Has anyone had any blurred vision issues?
I've read that just like our immune system can attack healthy tissue, in the intestinal tract. that it is the cause of my arthritis by attackking healthy tissue around the joints causing it to get inflammed. (like the intestines) 
And that our eyes are not immune to this as well. I understand that it is rare. 
But lately i've been noticing that my eye sight seems blurred. Almost as if my eyes keep coming in and out of focus. 
Could be the fact i'm back on preds, and the insomnia is killing me. 
They gave me prescription sleeping pills, but i don't like them. The effect lasts to long and i'm groggy all the next day. which is worse then being regularly tired.

just curious if vision issues effected anybody here?


----------



## shazamataz (Sep 10, 2009)

It may just be a pred-fatigue thing. My eyes go a bit blurry sometimes when i am really tired and I definately had this a bit on higher doses of pred.


----------



## FEELING MUCH BETTER (Sep 10, 2009)

Oh my gosh! I thought the optometrist screwed up my last eye exam! Is this why I have trouble driving and reading the signs now. I have been on prednisone for three weeks now and it's been soooo much worse. 

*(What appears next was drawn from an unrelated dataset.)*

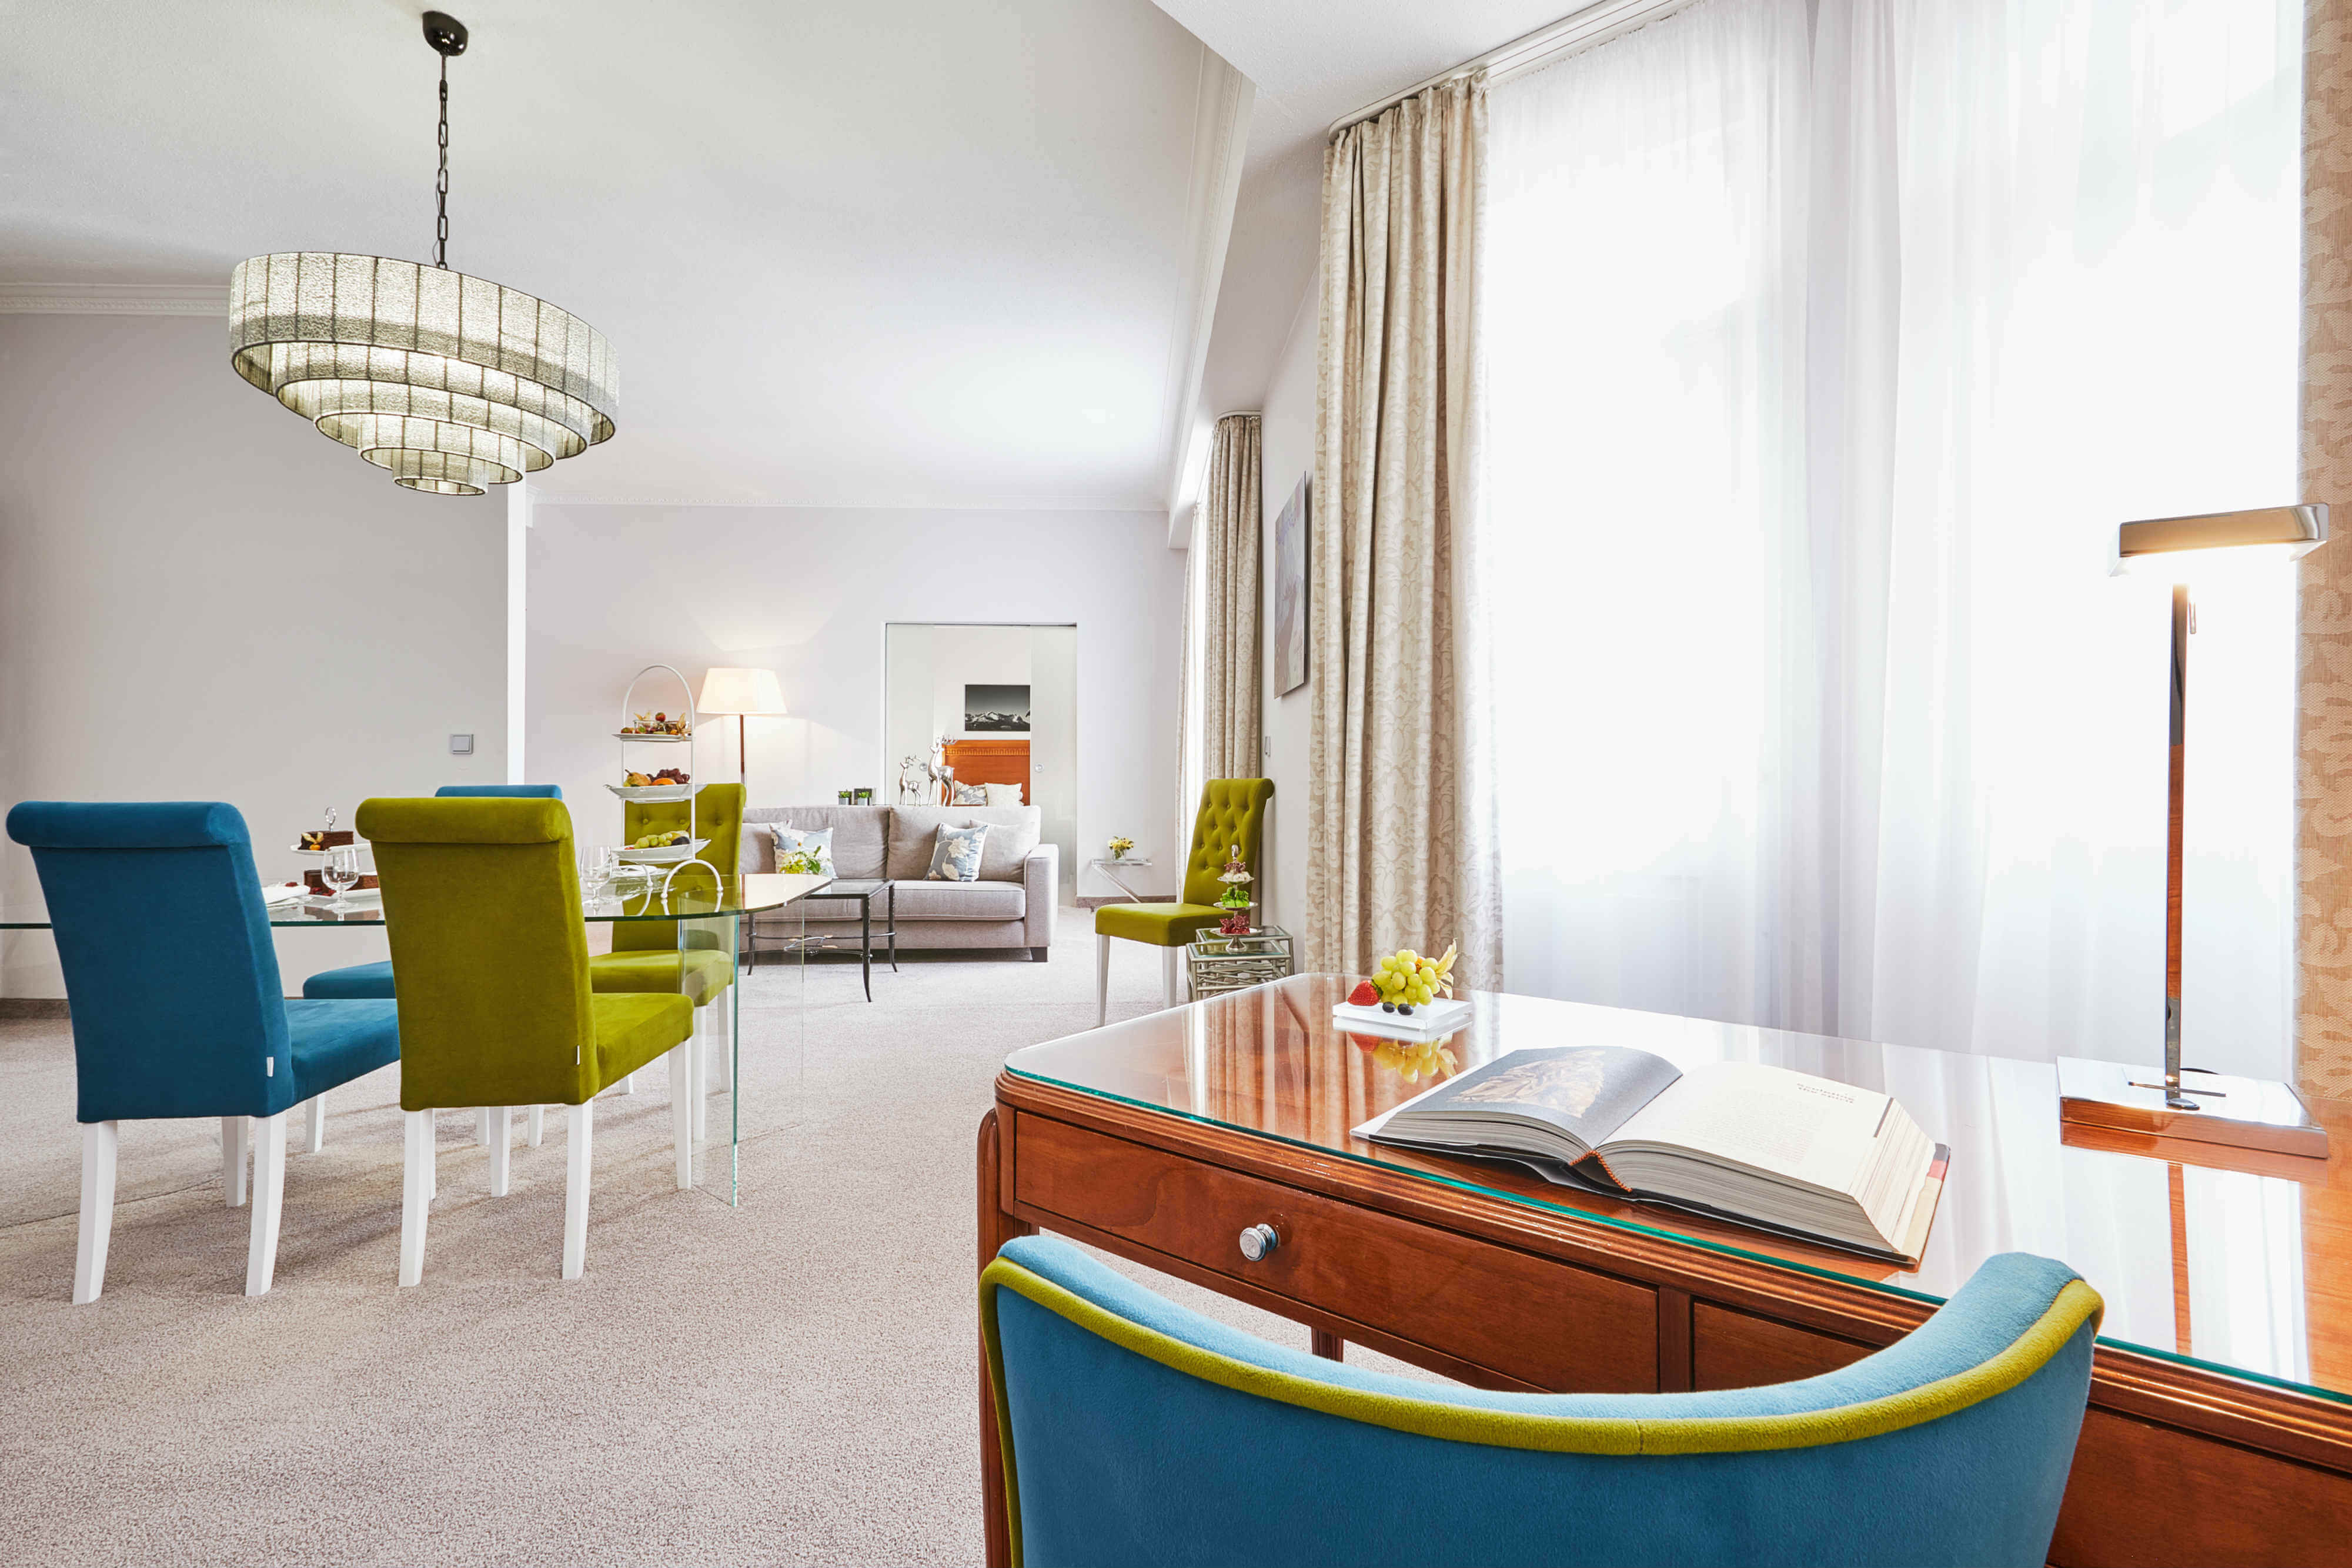 Alps Hotel Bavaria Room Garmisch
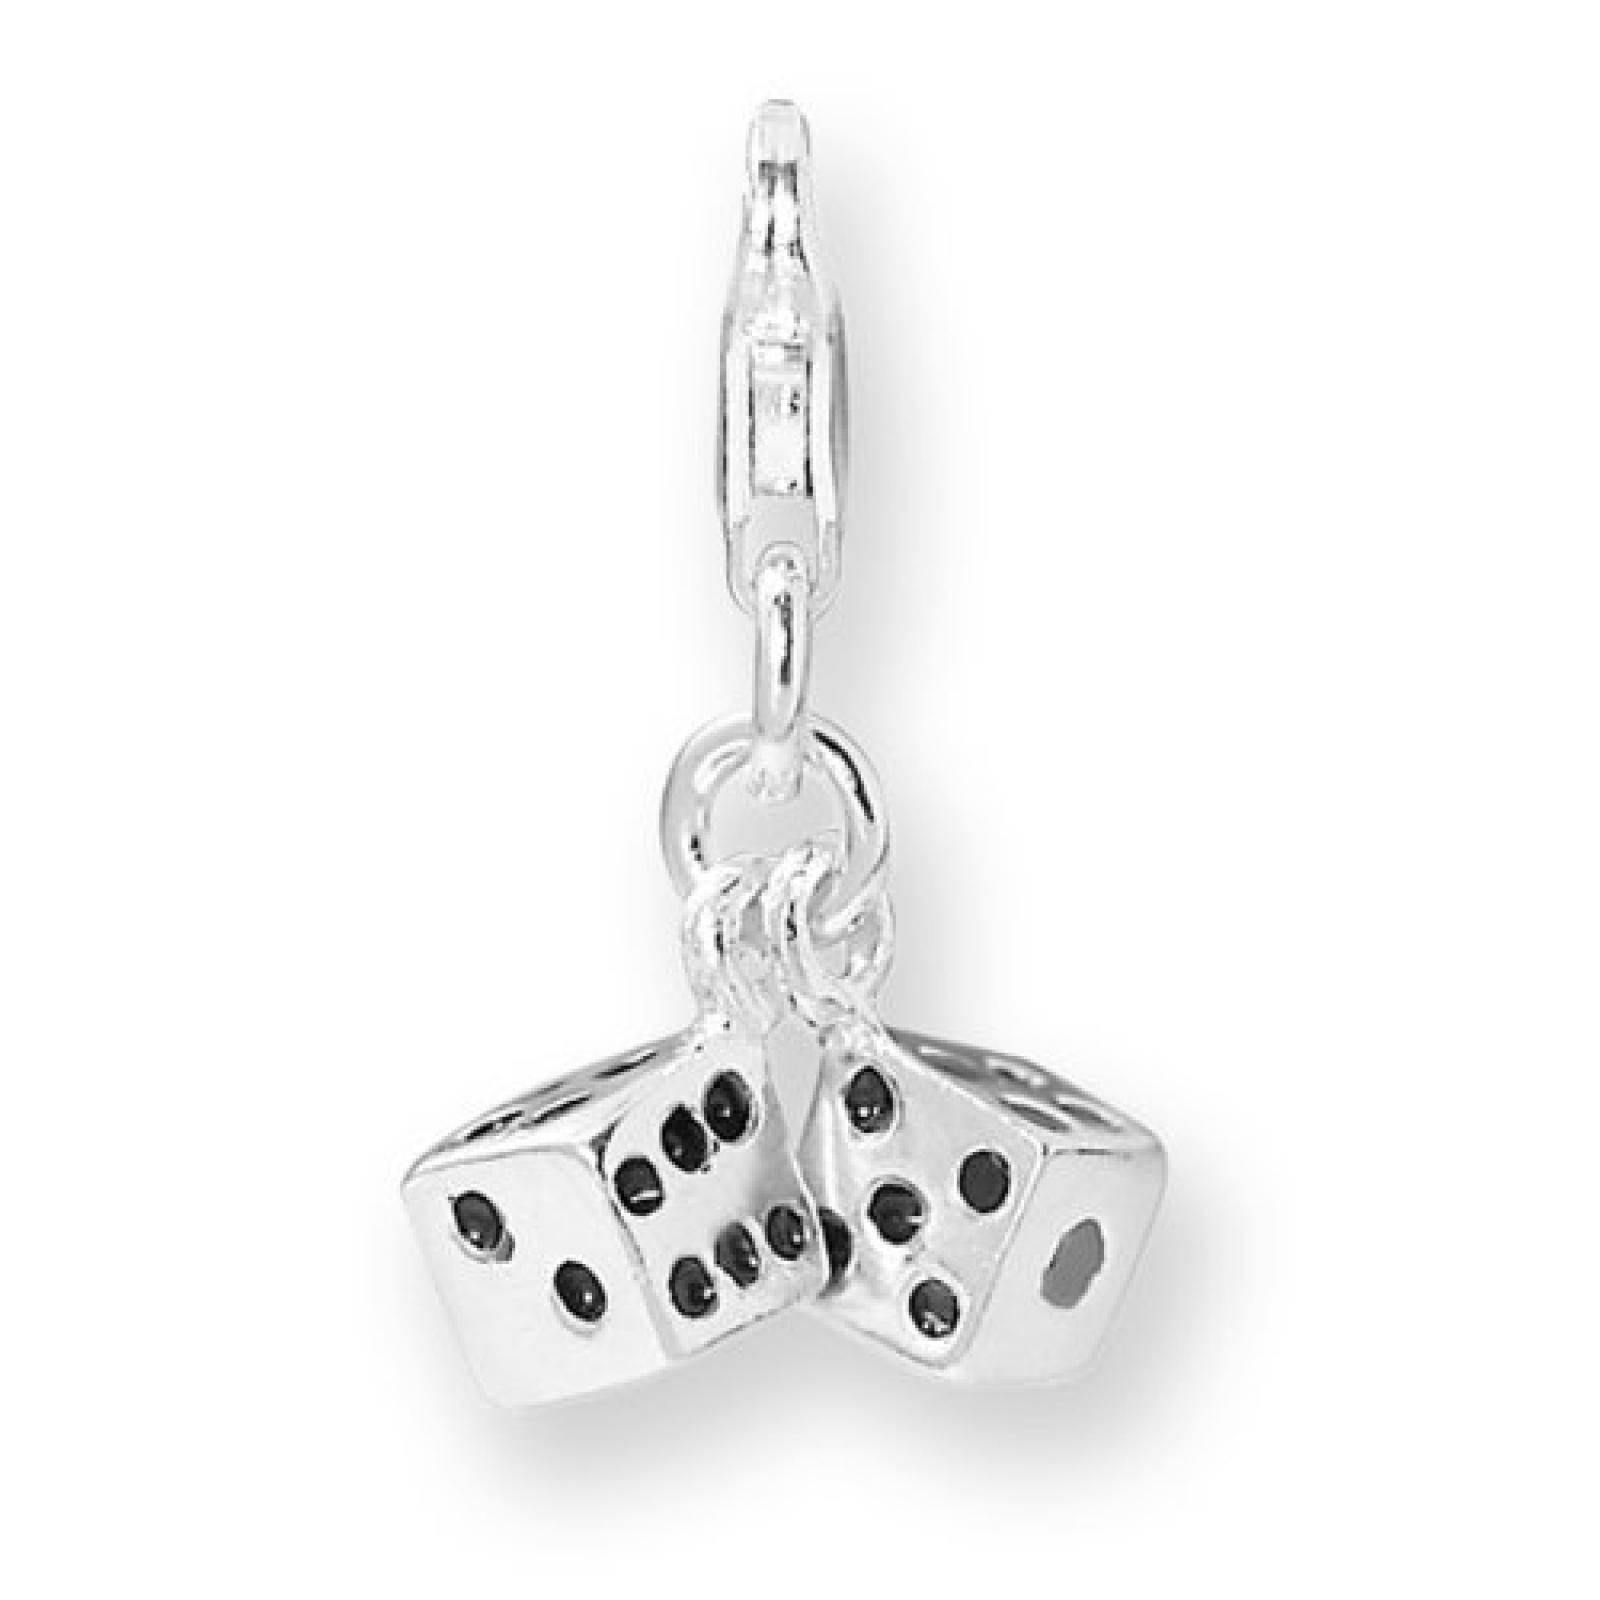 Rafaela Donata Charm Collection Damen-Charm Würfel 925 Sterling Silber  60600026

I guess I also know now why I can't fall asleep either. I was up till 2 am last night!

Thanks!


----------



## littleone (Sep 10, 2009)

i do and i've never been on pred.  my eye dr is doing some sort of test tho when i go in for my check up b/c my step dad  (every single relative in the area of mine goes to her.  haha) told her they finally diagnosed me with crohn's and she said that there is something that can happen with our eyes...  or something.  he can't remember what she said but just remembers that she is going to perfrom some special test other than the exam, and thing where they tilt you back going "top right, far right, bottom right, bottom, bottom left..."  ask your eye dr about it next time you go.


----------



## imisspopcorn (Sep 10, 2009)

I had a lot of weird eye stuff last year when I was really sick. I had been vomitting from being obstructed. Its hard to describe but it was like looking out the window while its raining only it wasn't raining. I did go to the eye doctor and he really didn't see anything abnormal. I think it was from being so malnourished and my electrolytes being imbalanced.I still get occasional "floaters"... Maybe check out the symptoms of Uveitis(SP?) as it can affect Crohn's.


----------



## Jerman (Sep 10, 2009)

I have had a lot of trouble with vision stuff for the past three months, my doc attributed it at first to meds- bentyl which helps my pain and spasms  can cause blurred vision and the nortryptaline gives me tremors in my hands, so much so that i dropped my cell and keys this week because my hand was shaking so much. ask your doc , mine decided it was maybe not meds and wants me to go to a neurologist already going to an oncologist monday. good luck to you, i hope you are feeling better soon.


----------



## CrohnieCarolyn (Sep 11, 2009)

I get blurry vision but mostly burning eyeballs - then it goes away - then comes back - strange - maybe just getting old lol


----------



## Dawn (Sep 11, 2009)

Are you on Cimzia? I was looking through the side effects due to some complications I'm experiencing post injection and found this on http://ibdcrohns.about.com/od/ibddrugs/p/cimziaeffects.htm:

Less Common Side Effects: 
•Allergic reaction (hives, skin rash, problems breathing)
•A rash on the cheeks or the arms that worsens in the sun
•Bruising and bleeding easily
•Dizziness
•Fever
•Numbness or tingling
•Pale skin
•Shortness of breath
•Swelling in the ankles or the feet
*•Vision problems*
•Weakness in the extremities


----------



## JillianB82 (Sep 11, 2009)

I have problems with blurred vision & blind spots from time to time.


----------



## cheeky (Sep 13, 2009)

yes, i experience blurred vision, burning in my eyes and floaters sometimes... i've also had episcleritis in my left eye.  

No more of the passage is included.